My Blue Kitchen
Monday, January 08, 2007
  Pollo alla Cacciatore

Chicken Cacciatore (Pollo alla Cacciatore)
adapted from "Lidia's Italian-American Kitchen"

1 chicken cut up about 4 1/2 pounds (preferably free-range)
Freshly ground black pepper
All-purpose flour
1/4 cup vegetable oil
1/4 cup olive oil
1 large yellow onion cut into strips
1/2 cup red wine
One 28-ounce can Italian plum tomatoes with liquid, crushed
1 teaspoon dried oregano (preferably the Sicilian or Greek type) dried on the branch, crumbled
2 cups sliced white or shiitake mushrooms, about 8 ounces
1 red and 2 yellow bell pepper, cored, seeded, and cut into strips

Season the chicken pieces generously with salt and pepper. Dredge the pieces in flour, coating them lightly and tapping off excess flour. In a wide (at least 12-inch) 5-quart braising pan, heat the vegetable oil with 2 tablespoons of the olive oil until a piece of chicken dipped in the oil gives off a very lively sizzle. Add as many pieces of chicken to the pan as will fit without touching. Do not crowd chicken; if the skillet is not wide enough to fit all of the chicken, brown it in batches. Remove chicken pieces from the skillet as they brown, adding some of the remaining pieces of chicken to take their place. Remove all chicken from the skillet. Add the onion to the fat remaining in the pan, and cook, stirring 5 minutes.

Pour the wine into the pan, bring to a boil, and cook until reduced by half, about 3 minutes. Add the tomatoes and oregano, season lightly with salt and pepper, and bring to a boil. Tuck the chicken into the sauce, adjust the heat to a gentle boil, and cover the pan. Cook, stirring a few times, 20 minutes.

In a large skillet, heat the remaining 2 tablespoons olive oil over medium-high heat. Add the mushrooms and peppers, and toss until the peppers are wilted but still quite crunchy, about 8 minutes. Season the vegetables with salt.

Stir the peppers and mushrooms into the chicken pan. Cook covered until the chicken and vegetables are tender, 10 to 15 minutes. Check the level of the liquid as the chicken cooks. There should be enough liquid barely to cover the chicken. If necessary, add small amounts of water to maintain the level of liquid as the chicken cooks. Makes 6 servings.
wow your setup is so romantic! I've heard a lot of great things about Lidia's Italian American Kitchen -- this just makes me want to buy a copy of it even more. :)
how romantic! that looks lovely and the recipe seems pretty simple.
But how did it come out? Any comments on the recipe?
yes, Pete has a good point. I forgot to review the recipe.
It was excellent!! A bit labor intensive for a weeknight meal with browning the chicken and all but well worth the effort. Plus once that part is over and the chopping there isn't much to do 'cept let is simmer. The end result was incredible moist and flavorful chicken.

The original recipe called for white wine but I used red because that is what we drink and it was really good.

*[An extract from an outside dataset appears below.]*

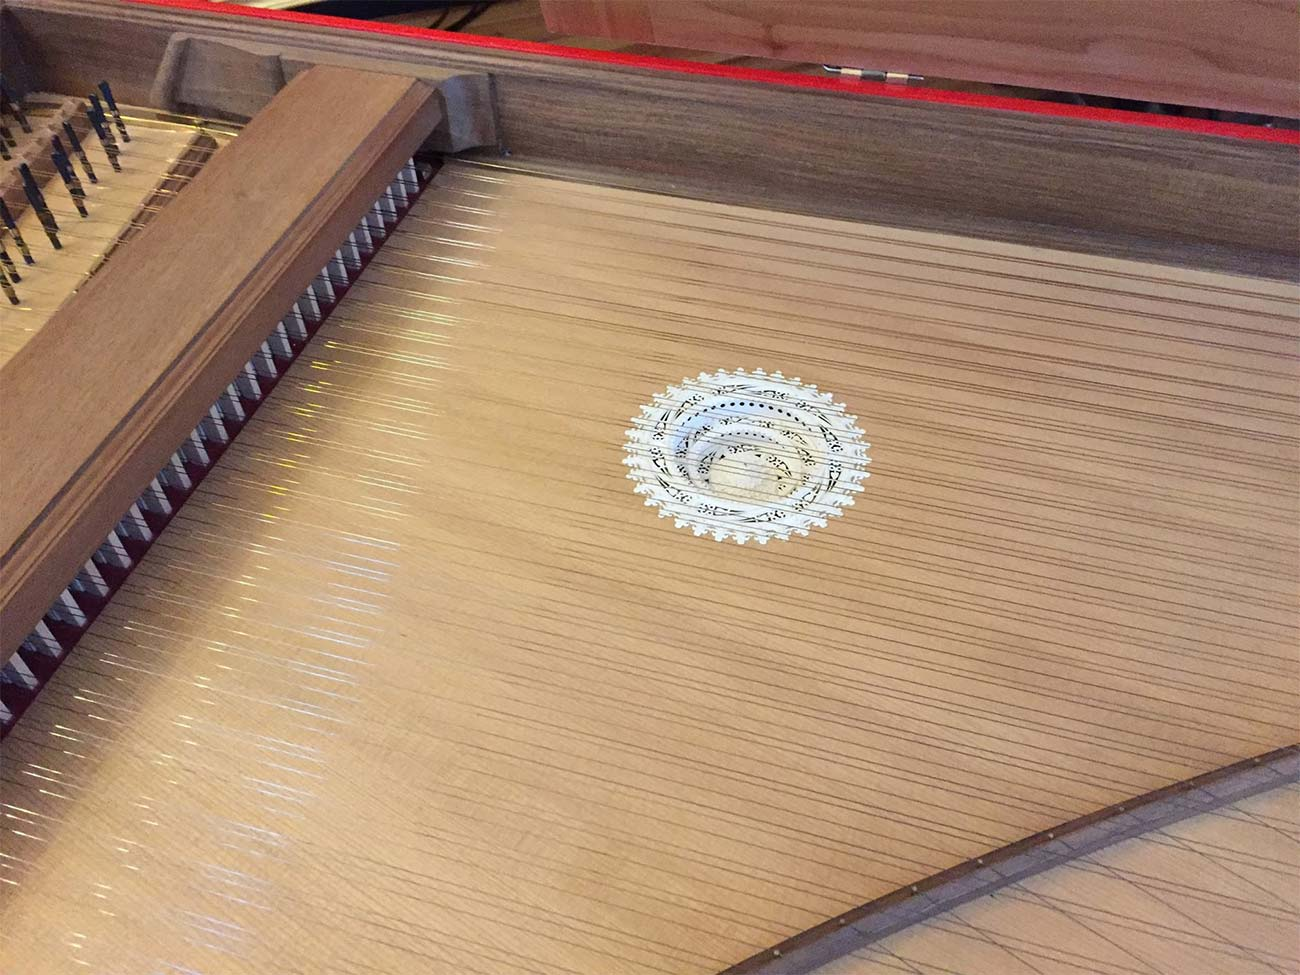 Harpsichord Blanchet detail 1

It was also suggested to serve this over polenta and I think that would have been better as the pasta really doesn't soak up the sauce. I forgot to buy it.

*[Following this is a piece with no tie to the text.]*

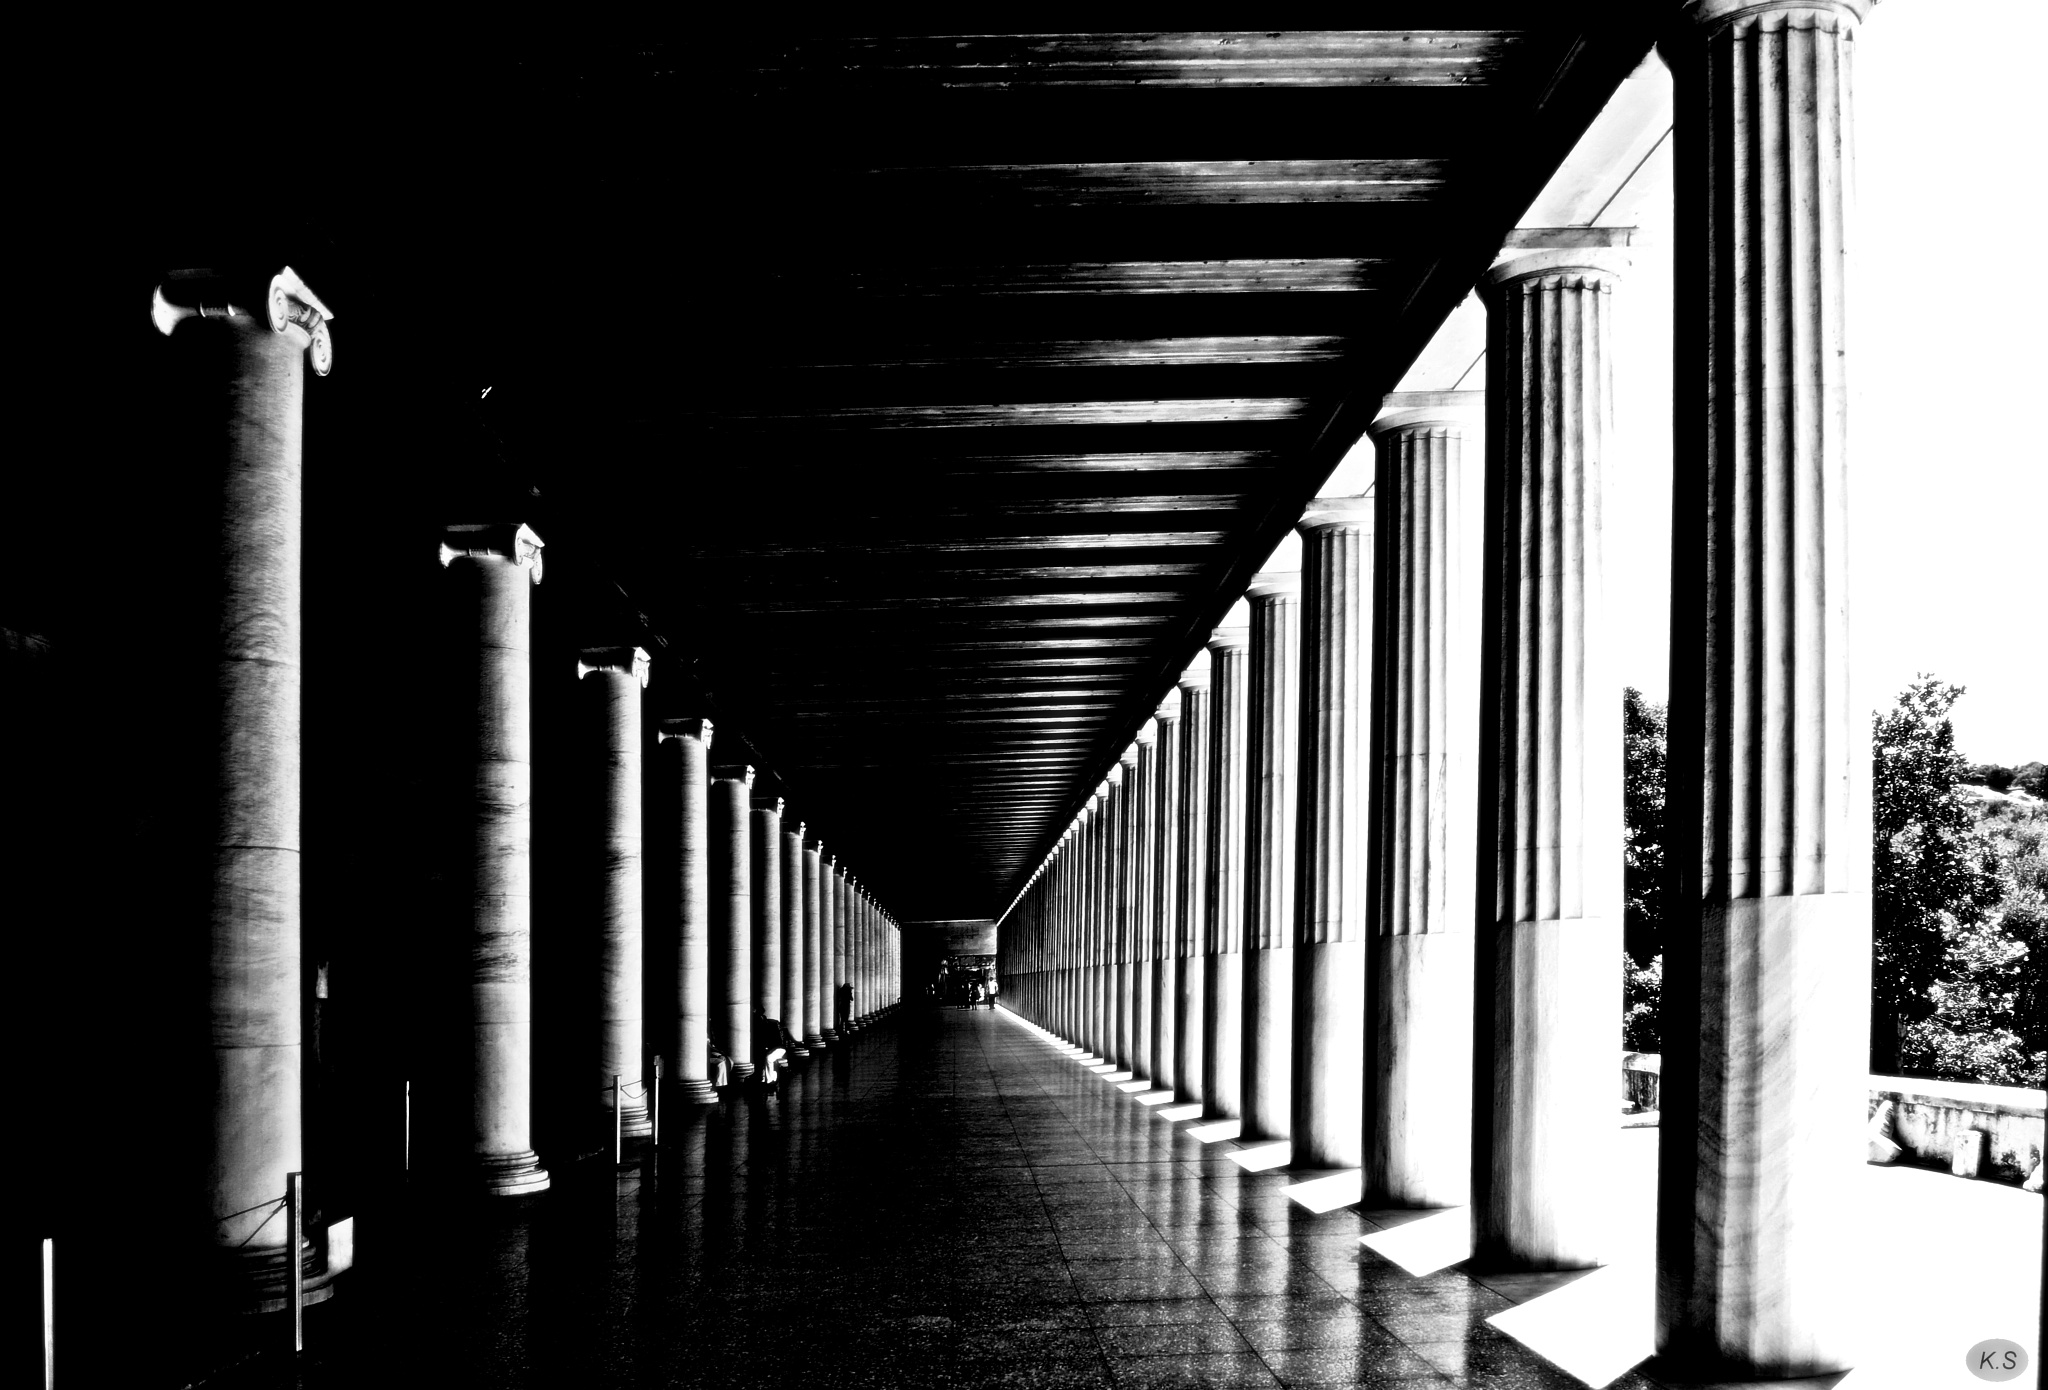 stoa ( covered walkway) of Attalos at Ancient Agora  by Katherine.Soulis

All in all this was a winner and a definate make again. It made a ton so we will be eating this again tonight!
for those of us on weight watchers, can you please post the "Points Values" for future recipes? thanks, yumyummum : )
But of course, LoLo.
If you wanted to make this less "pointy" (or core) or healthy....I would take the skin off and bake it in the oven instead of browning. I remember my Mom making this dish that way sometimes. I would still brown the onions in a skillet then reduce the wine etc just adding it to the pan in the oven. It would save the big step of browning and make it a more realistic everyday meal. But then it does take away a lot of flavor. Cutting back on the 1/2 cup of oil would of coarse be a fine idea to cut calories. I actually found that I didn't need that much.